▶ Task to carry out: Send back the line that contains "nourison decor aqua" and all lines following it through the end of the data below, exactly, omitting pictures.

▶ Exercise data:
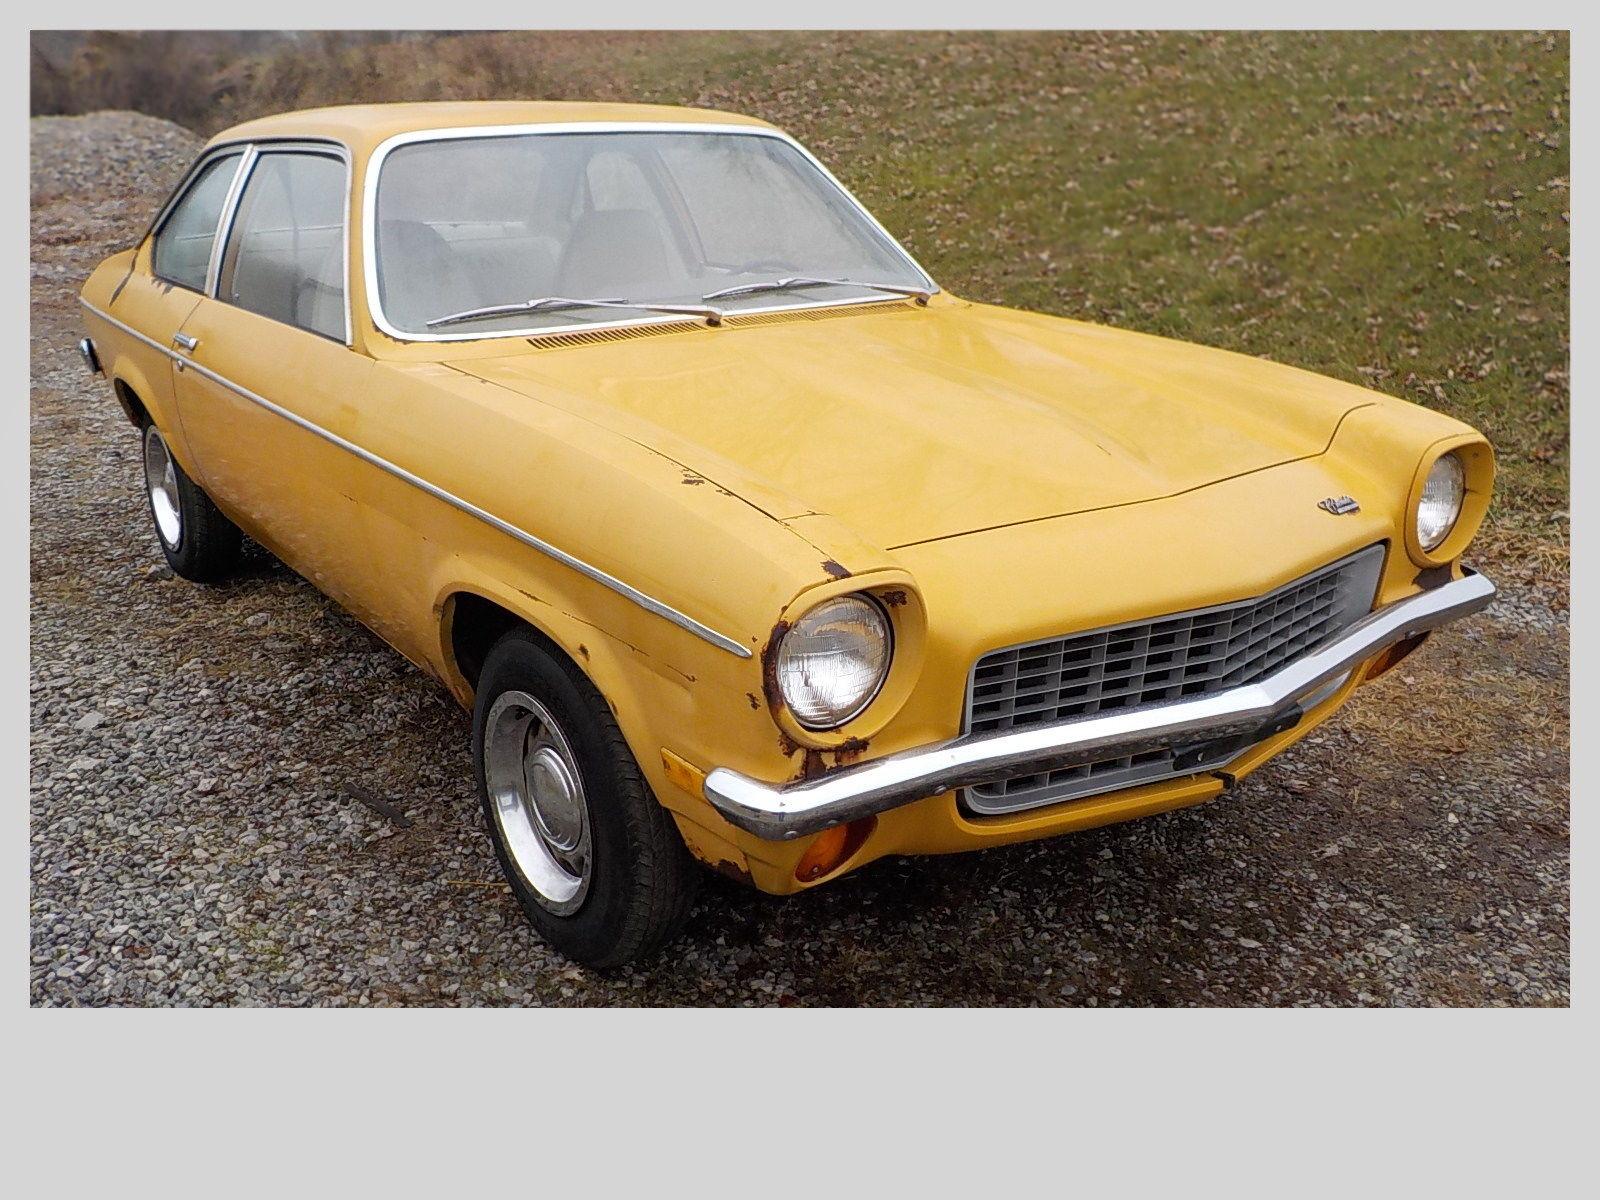 21,578 Miles: 1971 Chevrolet Vega
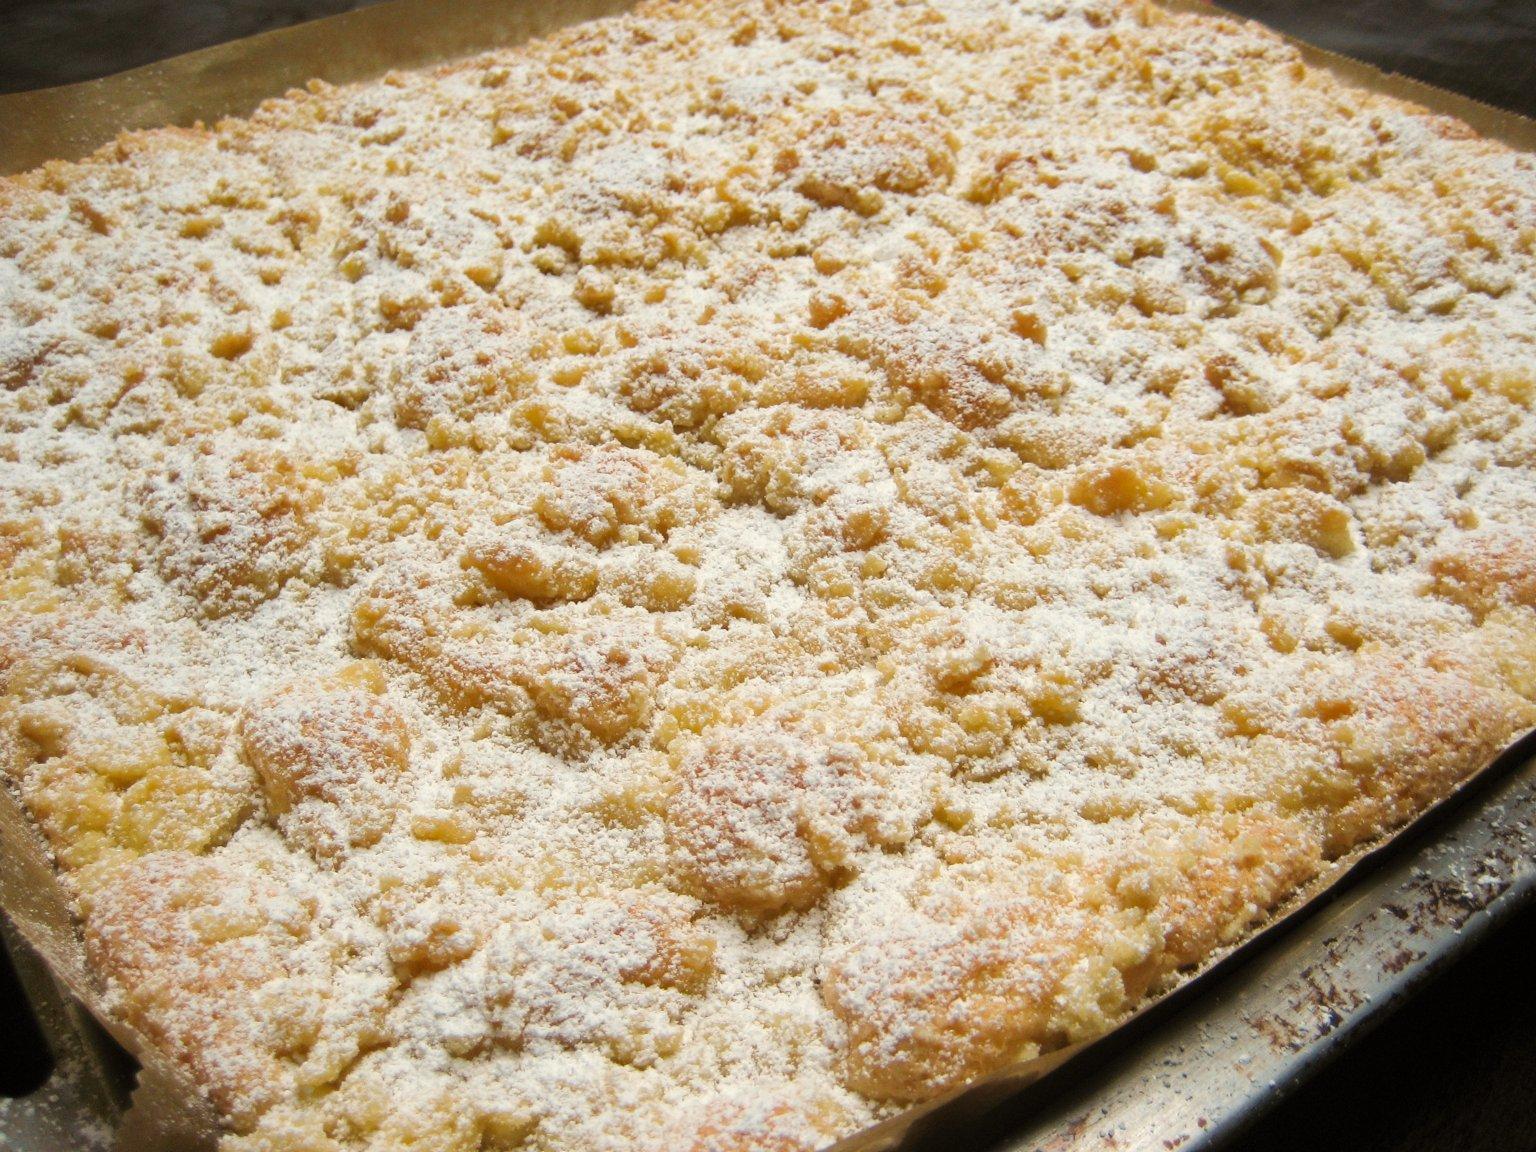 Ratz-Fatz Streuselkuchen. crumble/streusel cake from gingerlemonandspice
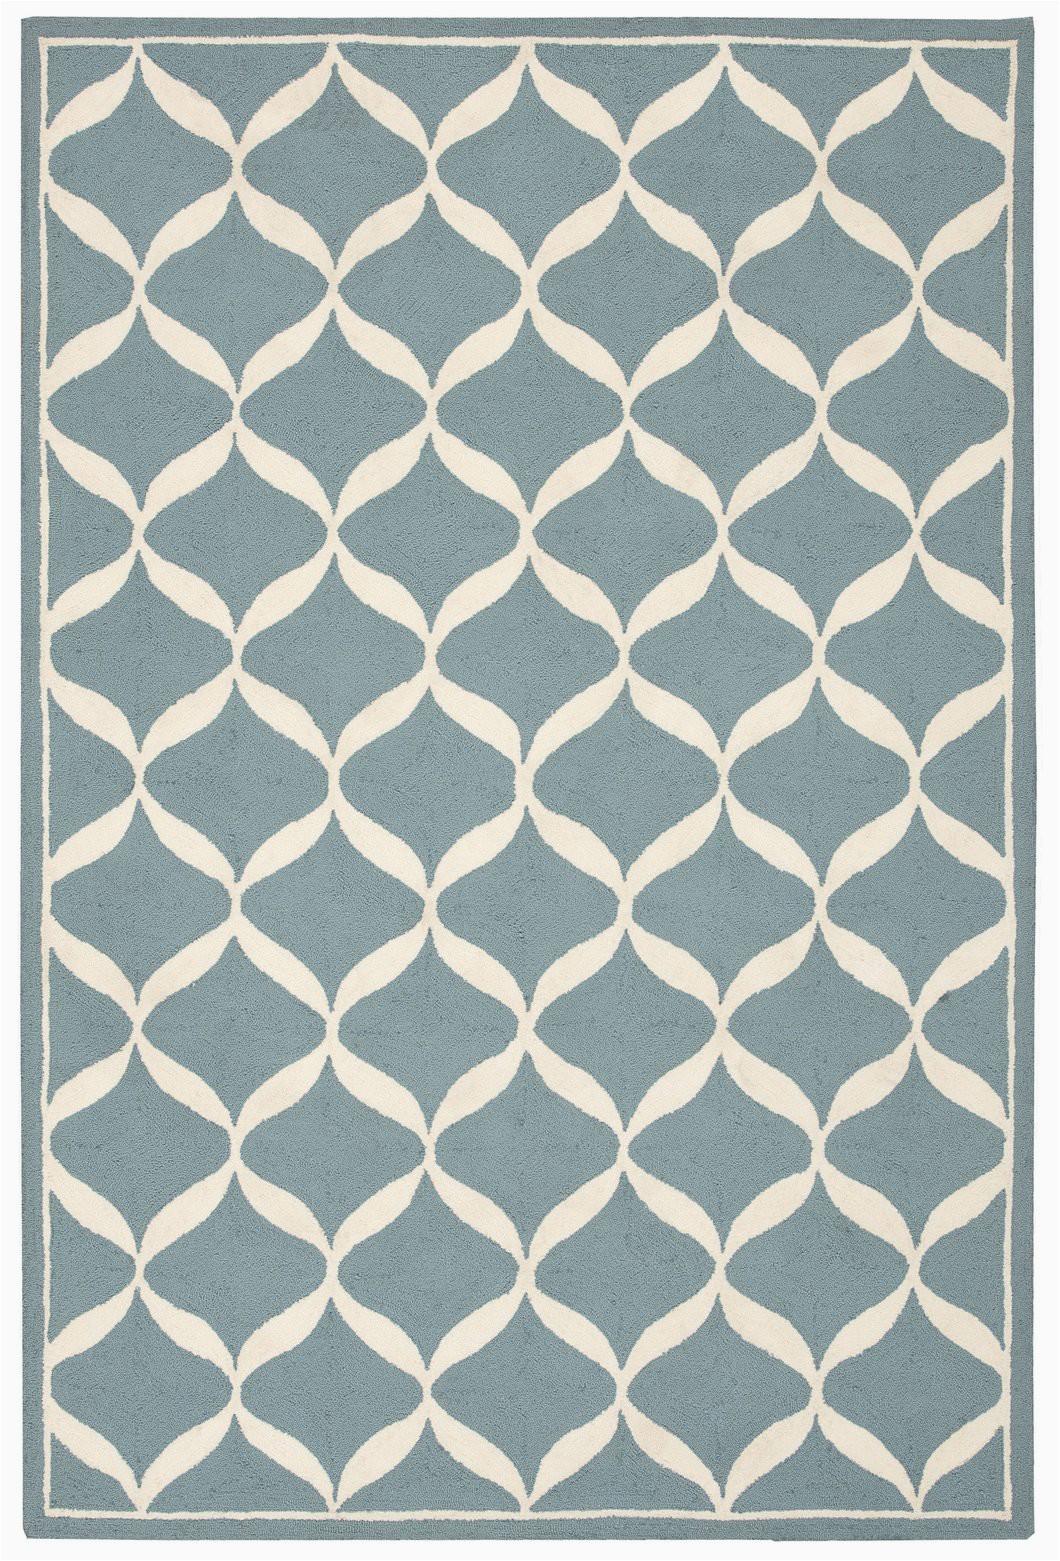 nourison decor aqua white area rug der06 aquwt rectangle
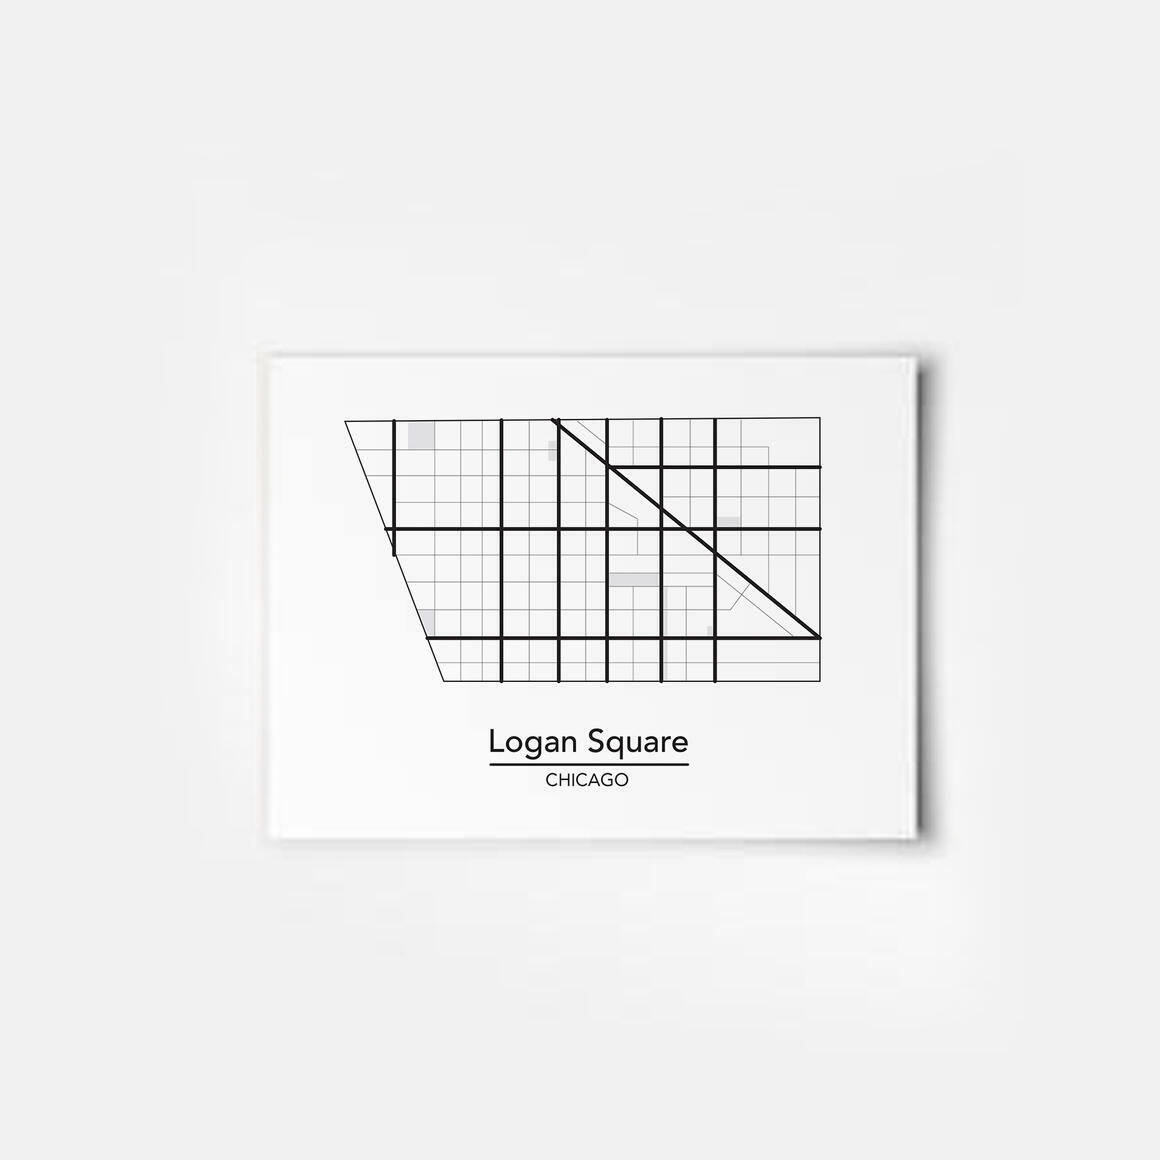 Logan Square - Chicago Neighborhood Map Print | Trada Marketplace

▶ Response for this exercise:
 nourison decor aqua white area rug der06 aquwt rectangle
 Logan Square - Chicago Neighborhood Map Print | Trada Marketplace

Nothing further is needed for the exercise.